Follow: Starfleet Academy is focused on young, roughly university-age kids, going to this place to learn how to be your Captains Kirk, Janeway, Picard and the like. They’re going there to learn how to be heroes.

They are being taught by heroes. Their teachers are Starfleet officers, they are exactly the people these young students want to be. They are precisely the people these young students are learning to be, who they are aspiring to be.

But because the show is about the younger characters, the younger characters have to win. In any crisis, they must be the ones to save the day. It is contractual to the format.

So these kids act like they are already full-on adult Starfleet officers, they take charge and they constantly outshine the characters they are learning from.

So you watch this and inescapably wonder what in the hell they are doing still at Starfleet Academy? True, we get the odd very forced teenage throwing-glance-at-the-ceiling or giving each other the finger, and there you do think they are children.

But I don’t know why they are there, I don’t know what they are expected to learn. I don’t understand why any of the adult characters don’t have better things to do than stand around this academy pretty pointlessly.

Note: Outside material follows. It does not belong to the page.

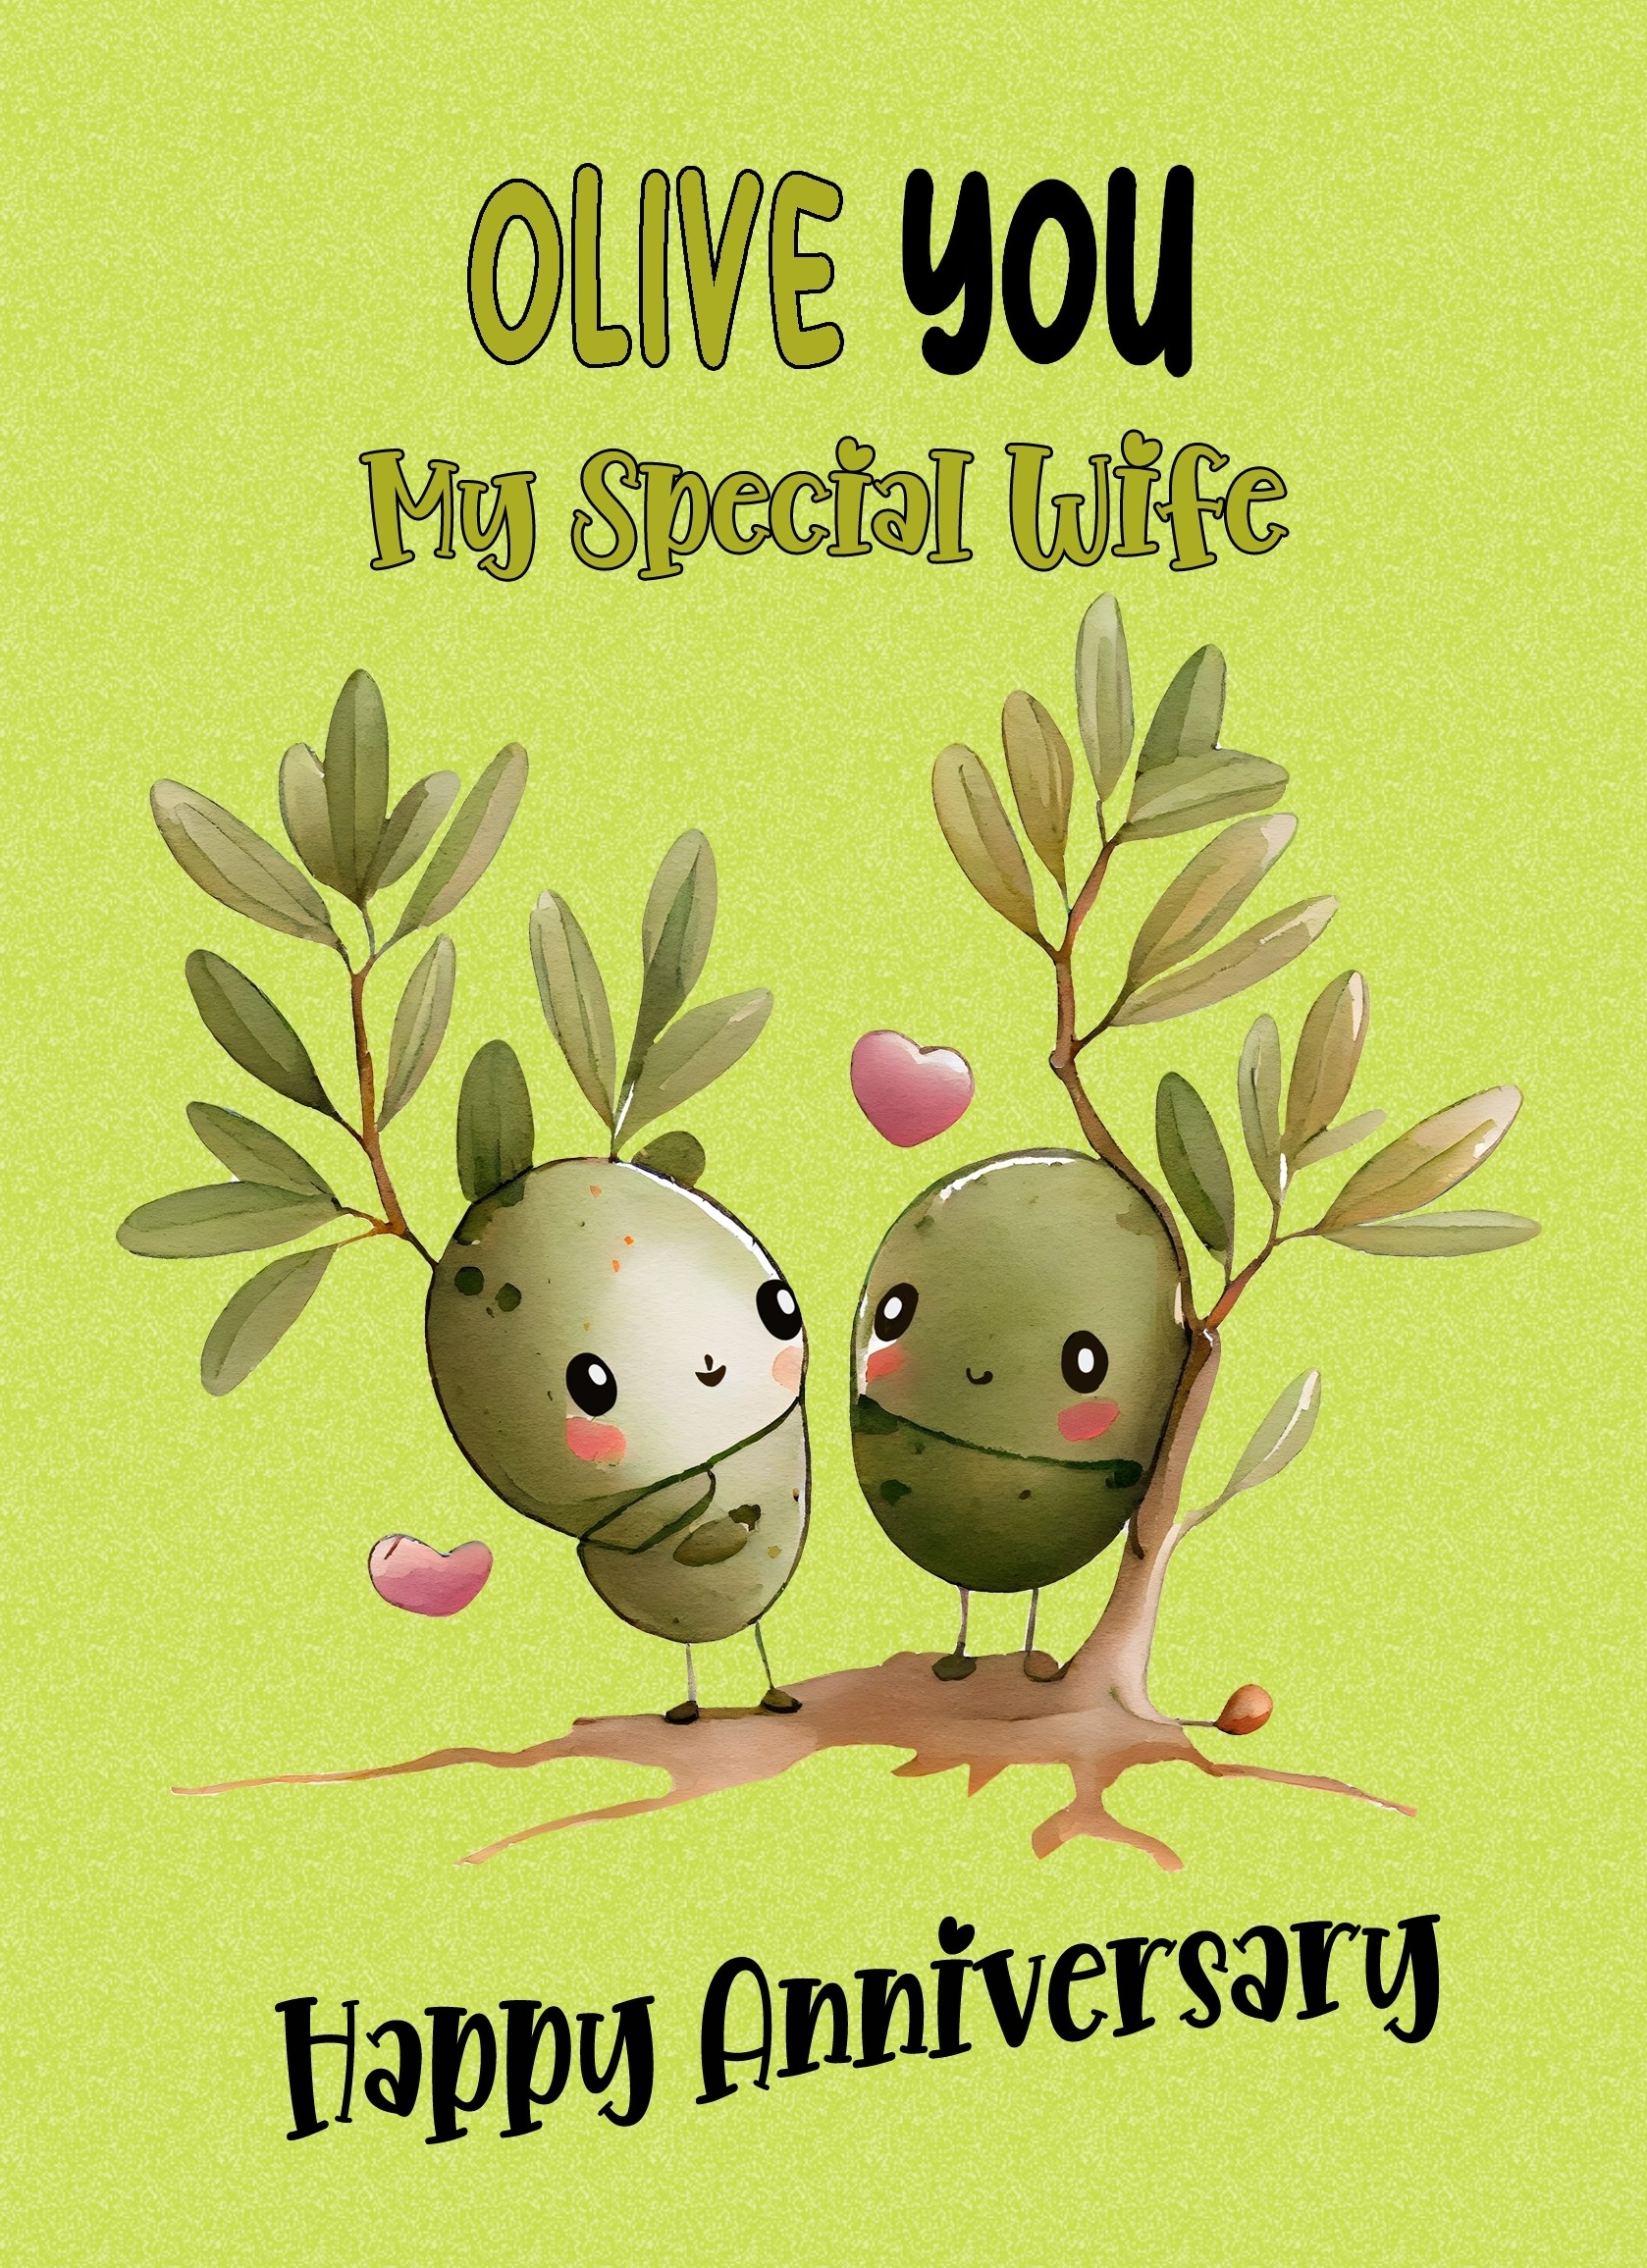 Funny Pun Romantic Anniversary Card for Wife (Olive You)

I am certain this will be fixed. No question, the writers on this show are better than I’ll ever be. But until it is, I am constantly being thrown out of the story.

And that is one sacrosanct thing I will never let go of. It is so hard to get anyone into your story that electing to thrown them out is a heinous mistake.

I’m not the audience for Starfleet Academy and I am more than fine with that. It is brilliant that the franchise is trying new things, exploring new directions. Deep Space Nine was slammed for being different to the prior Star Trek series, but that difference made all the difference.

I love Deep Space Nine. The fictional space station in it feels like home. Equally, there will be those who love Starfleet Academy and it is nothing short of fantastic when a show gets into people.

Yet in every other example I can think of where there are strata of younger and older characters, the very first thing that happens is that the two are separated. The children are always left alone to solve whatever the drama is, because otherwise the adults should fix everything.

The adults don’t get to do that here. But hopefully Starfleet Academy will have a long run in which to sort it out.